Areas of specilalization

In fundamental physics, you can learn about the fundamental laws that govern the universe as a whole as well as its fundamental constituents.

We cover physics at the largest possible scales, for instance in General Relativity and cosmology, where we explore the universe as a whole. We cover physics at the smallest possible scales, for instance in Quantum Field Theory and astroparticle physics, where we discuss elementary particles and their fundamental interactions.

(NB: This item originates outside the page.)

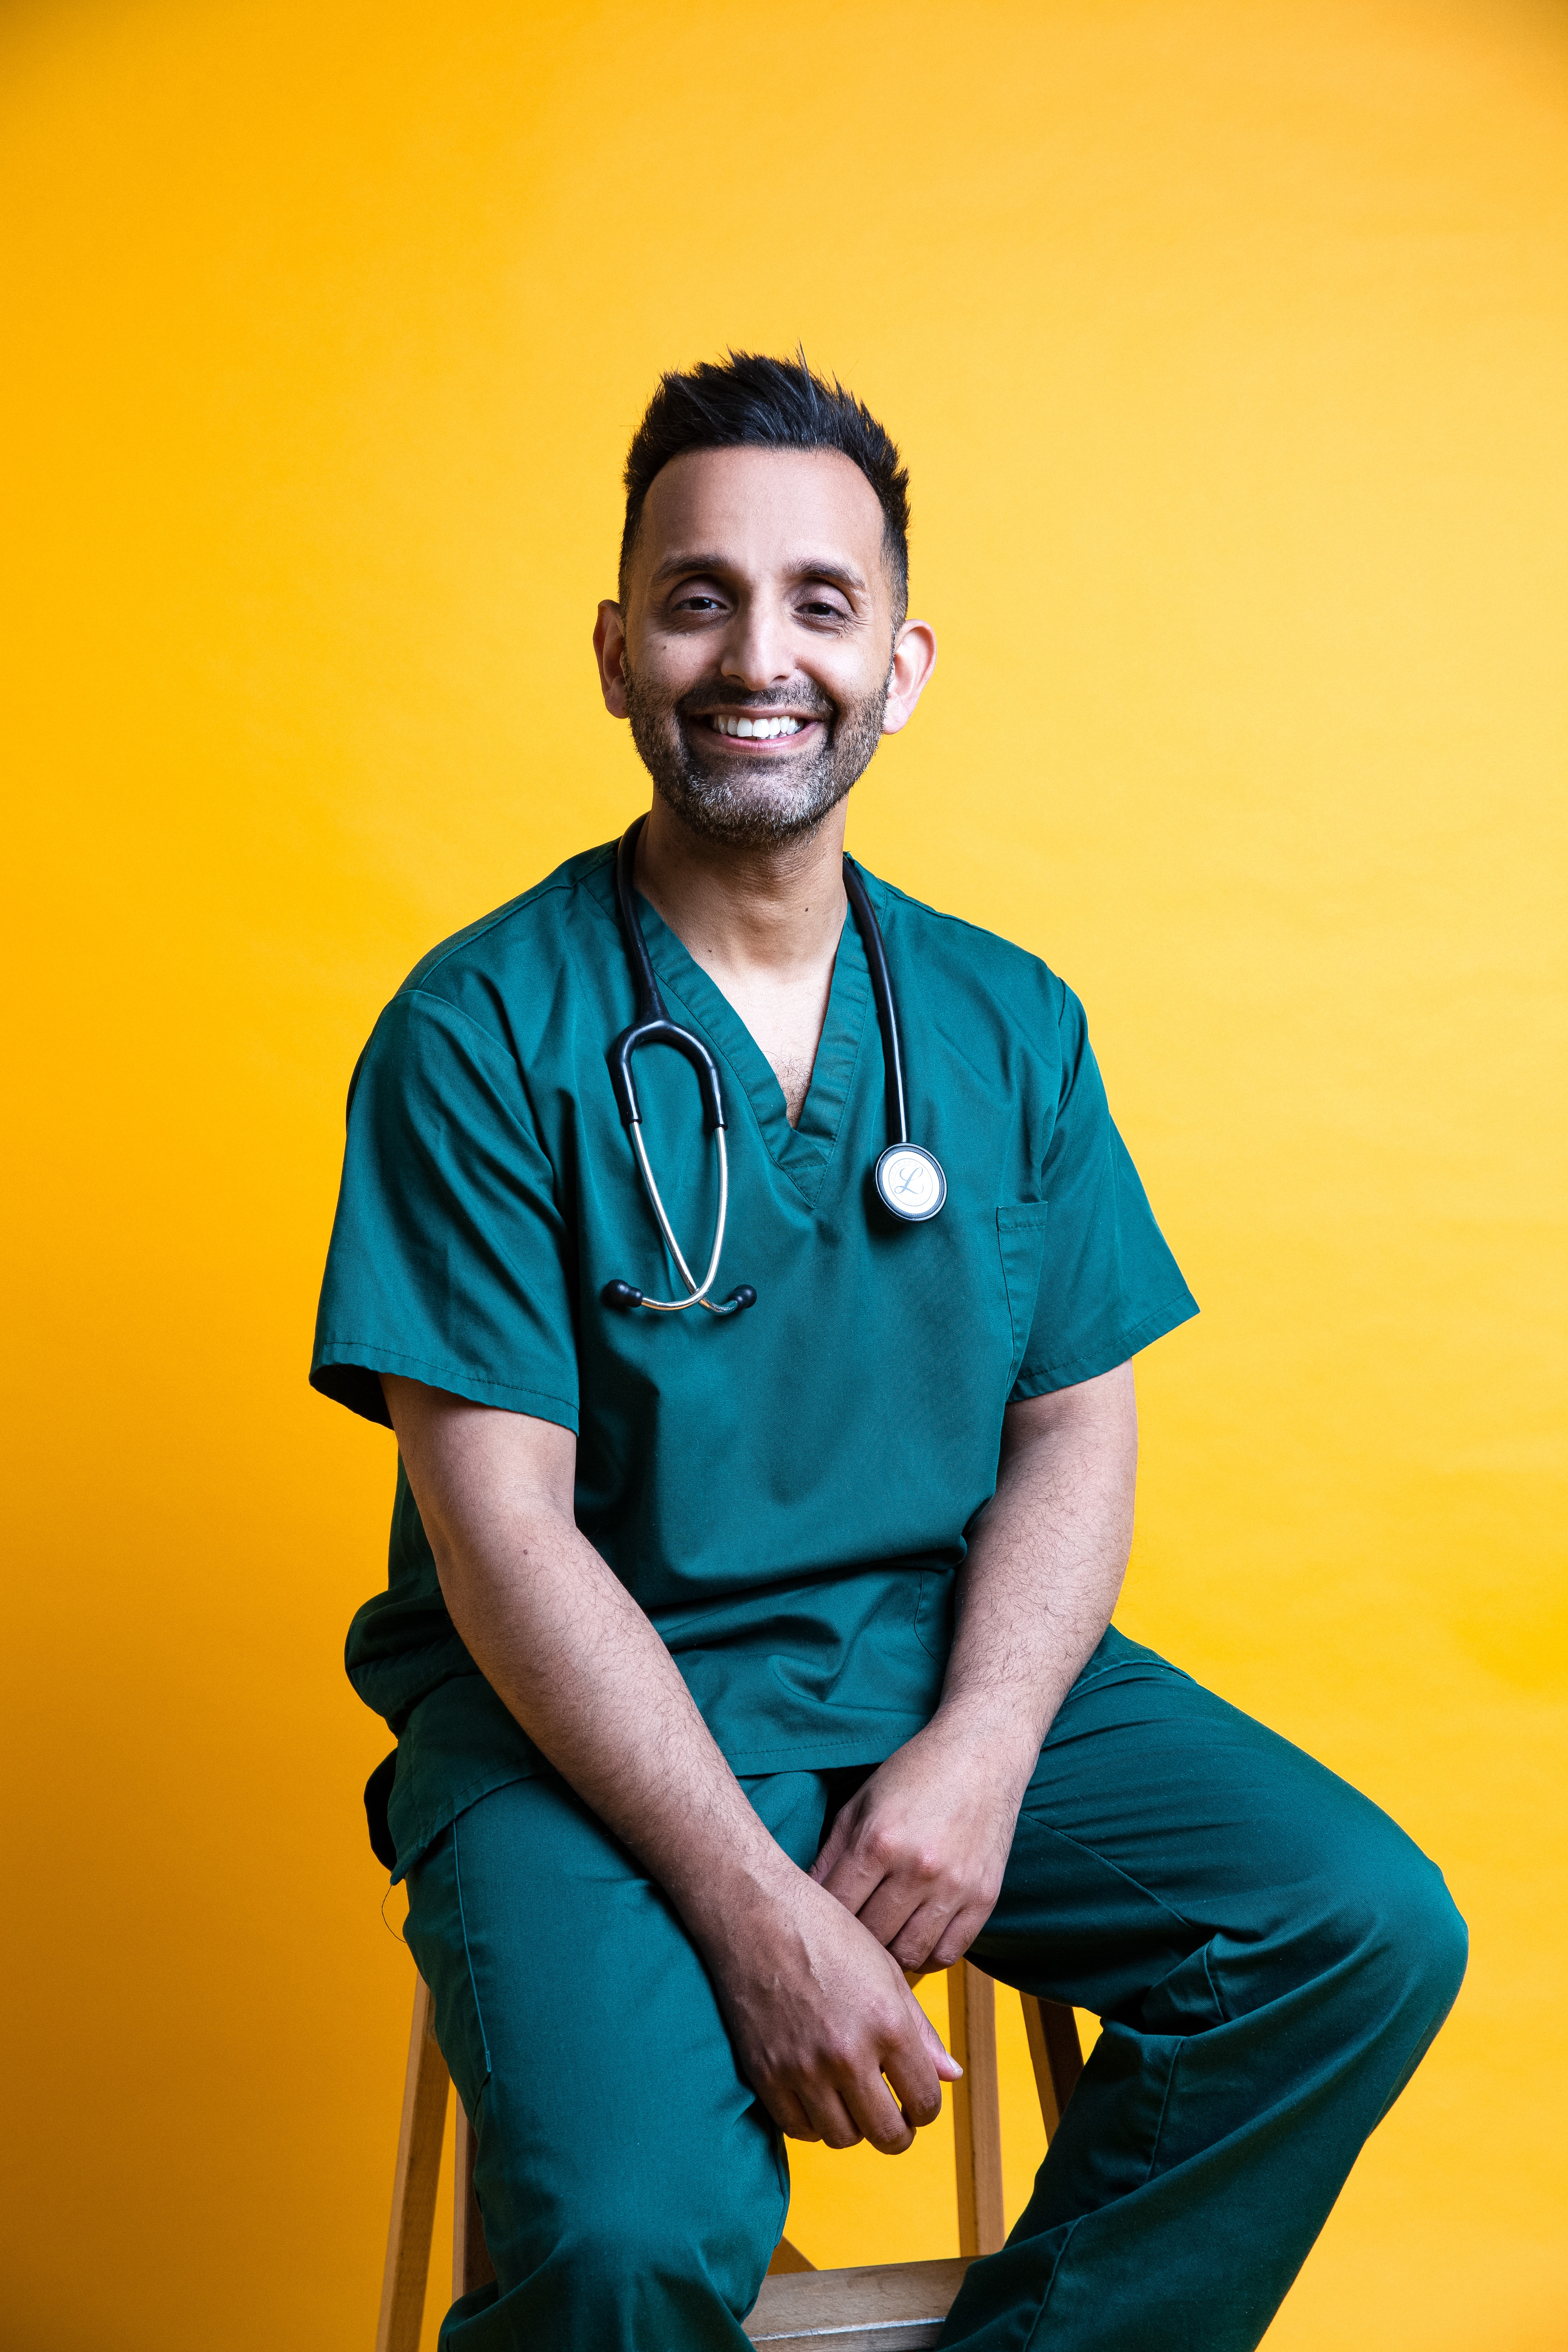 Dr Amir Khan (Dr Amir Khan/PA)
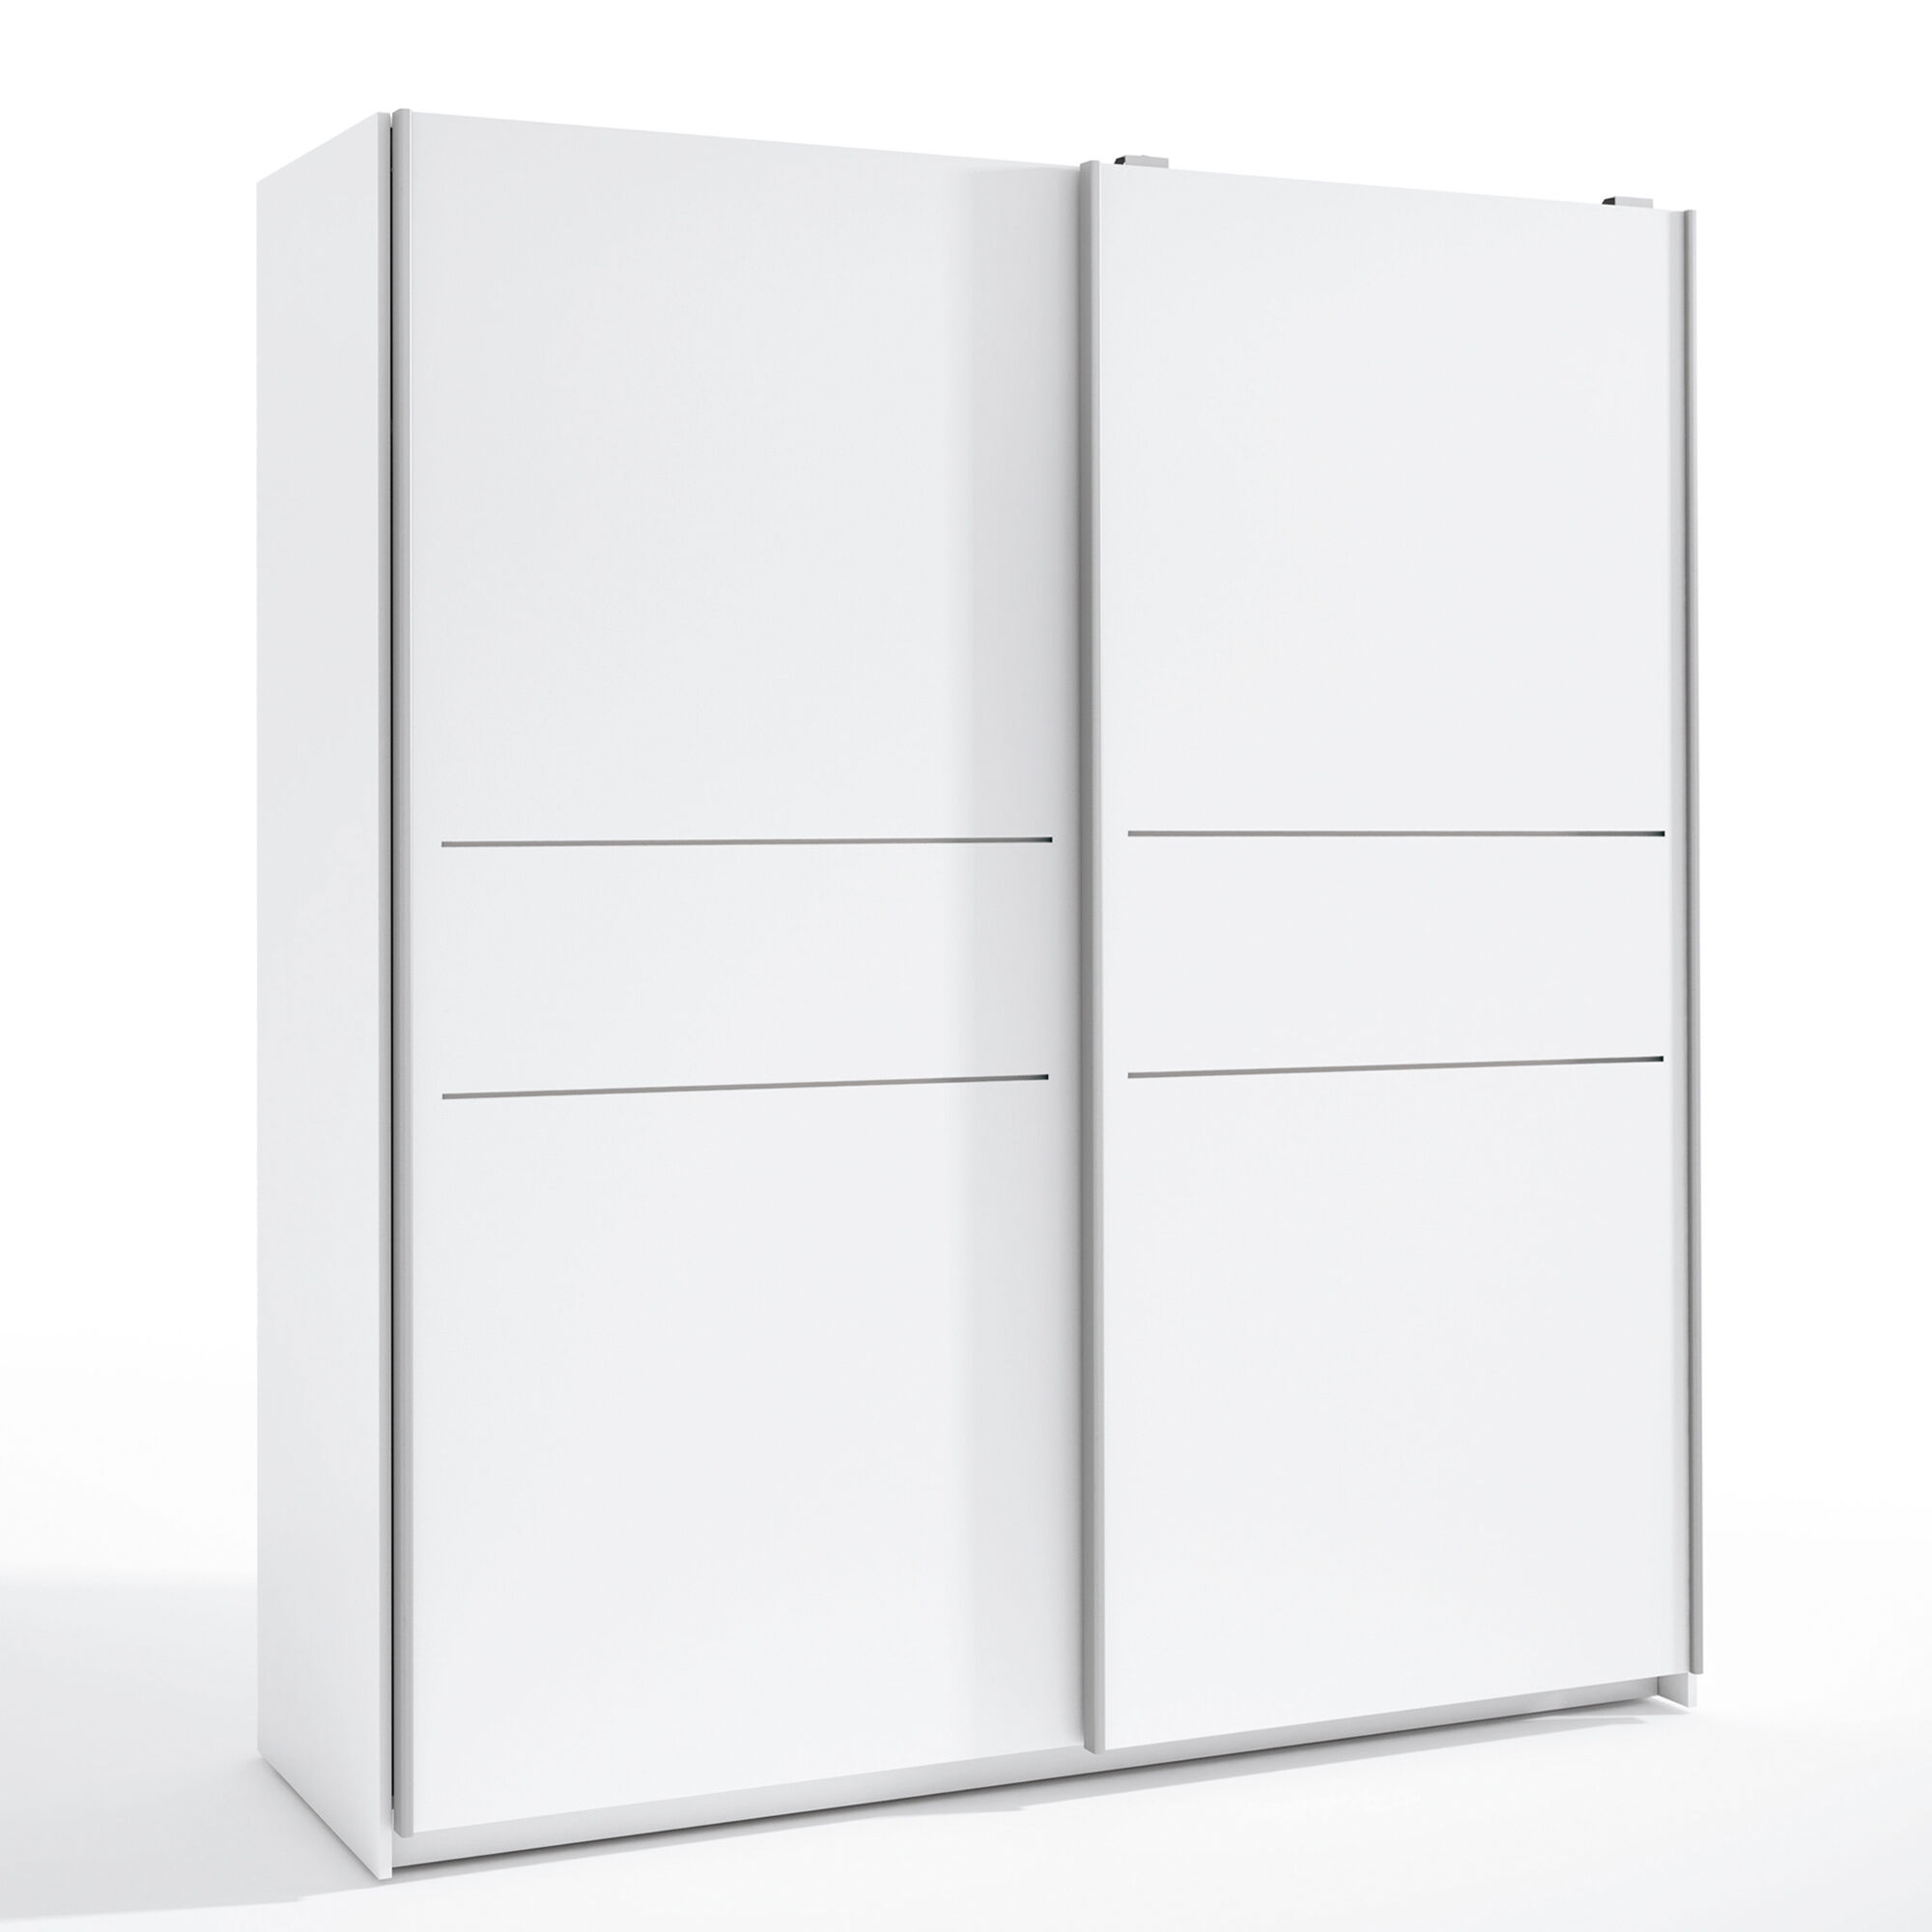 HOMN Armario ropero 2 puertas correderas color blanco, 181,5 ancho

Moreover, we cover a most fascinating mystery in modern physics in Galactic dynamics and dark matter.

Relevant autumn courses

• FY803: Quantum Physics (10 ECTS)
• FY809: Quantum Field Theory (10 ECTS)
• FY812: General relativity and cosmology (5 ECTS)
• FY828: Advanced statistical physics (10 ECTS)

Relevant spring courses

• FY824: Quantum field theory in curved space (5 ECTS)
• FY825: Galactic dynamics and dark matter (5 ECTS)
• FY841: Particle physics (5 ECTS)
• FY842: Astroparticle physics (10 ECTS)

In computational physics, you can learn how to use computers as a method to do physics.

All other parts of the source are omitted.